Notizie del giorno – Elezioni in Francia

Tra le sorprese più evidenti, l’esclusione dei rappresentanti dei partiti che fino ad oggi si erano contesi la Francia. Francois Fillon dei Repubblicani non è infatti riuscito nella risalita, fermandosi al 19,7%, mentre Benoit Hamon è andato ancora peggio, precipitando al 6,2% delle preferenze. Buoni i risultati per l’esponente di estrema sinistra Jean-Luc Mélenchon (19,5%).

Marine Le Pen ha subito lanciato la volata per il secondo turno, ponendo la Francia davanti alla scelta: votare lei o “i sostenitori del mondialismo, del denaro-re, dell’immigrazione di massa, della libera circolazione dei terroristi”. Macron ha invece parlato di una rifondazione da avviare per risollevare la Francia.
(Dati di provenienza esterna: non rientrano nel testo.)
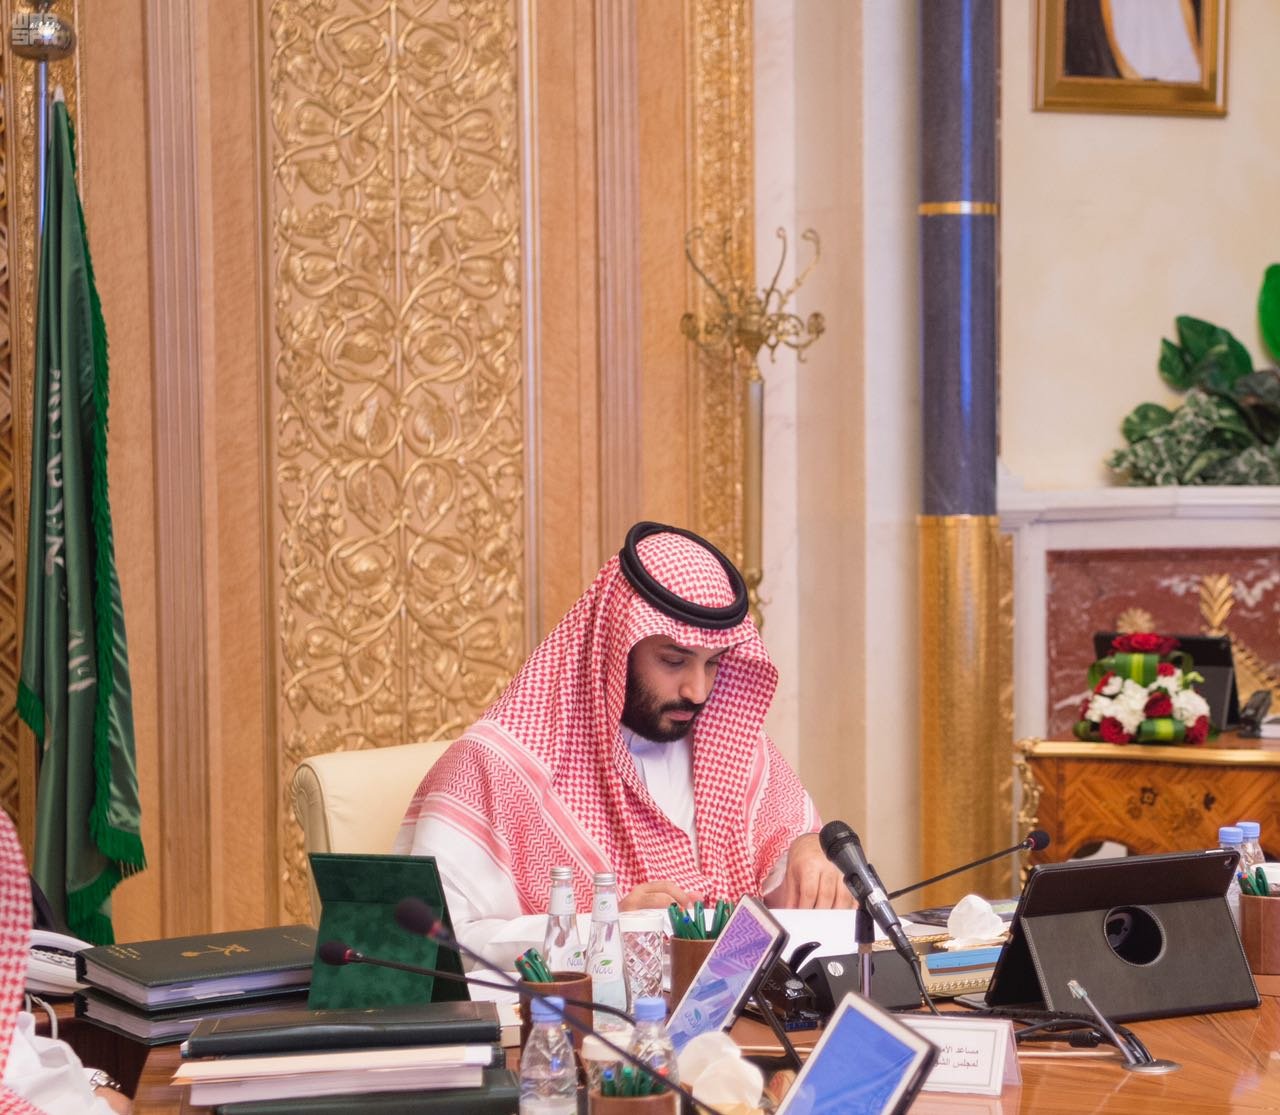 محمد بن سلمان يرأس اجتماع مجلس الشؤون الاقتصادية والتنمية السعودي

E’ lui ora l’uomo da battere, con i primi sondaggi per il ballottaggio che assegnano a Le Pen il 38% e al leader di En Marche! il 62%. Le due settimane che separano dal voto sono però piene di incognite, con possibili attentati, la crescita dell’astensionismo o eventuali scandali. Di certo, finora, ci sono le dichiarazioni di voto degli sconfitti.

Fillon e Hamon si sono immediatamente espressi a favore di Macron, con illustri personaggi dei loro partiti schieratisi nello stesso modo. Melenchon ha invece preferito non sbilanciarsi, suggerendo un orientamento verso la scheda bianca.

Notizie del giorno Primarie Pd

News. Manca solo una settimana alle primarie del Partito democratico, ma il coinvolgimento verso l’elezione del segretario sembra finora basso. La speranza è che il dibattito televisivo tra i tre candidati, previsto per mercoledì, possa riaccendere l’interesse verso una votazione che rischia di tradursi in un boomerang per il Pd.

Come ha fatto sapere Matteo Orfini, la soglia accettabile sarebbe infatti di due milioni di partecipanti, mentre Andrea Orlando ha avvisato che raggiungere solo un milione di votanti consisterebbe in un mezzo fallimento (Ansa).

Cifre che confermerebbero comunque la tendenza iniziata dalla prima edizione delle primarie Pd, risalente al 2007. Allora Walter Veltroni trionfò con la partecipazione di oltre tre milioni e mezzo di persone.

Da quell’anno una continua flessione, fino alla situazione odierna dove, complici i programmi e i profili politici poco attraenti dei candidati, si potrebbe verificare un ulteriore colpo al sistema di elezione del segretario.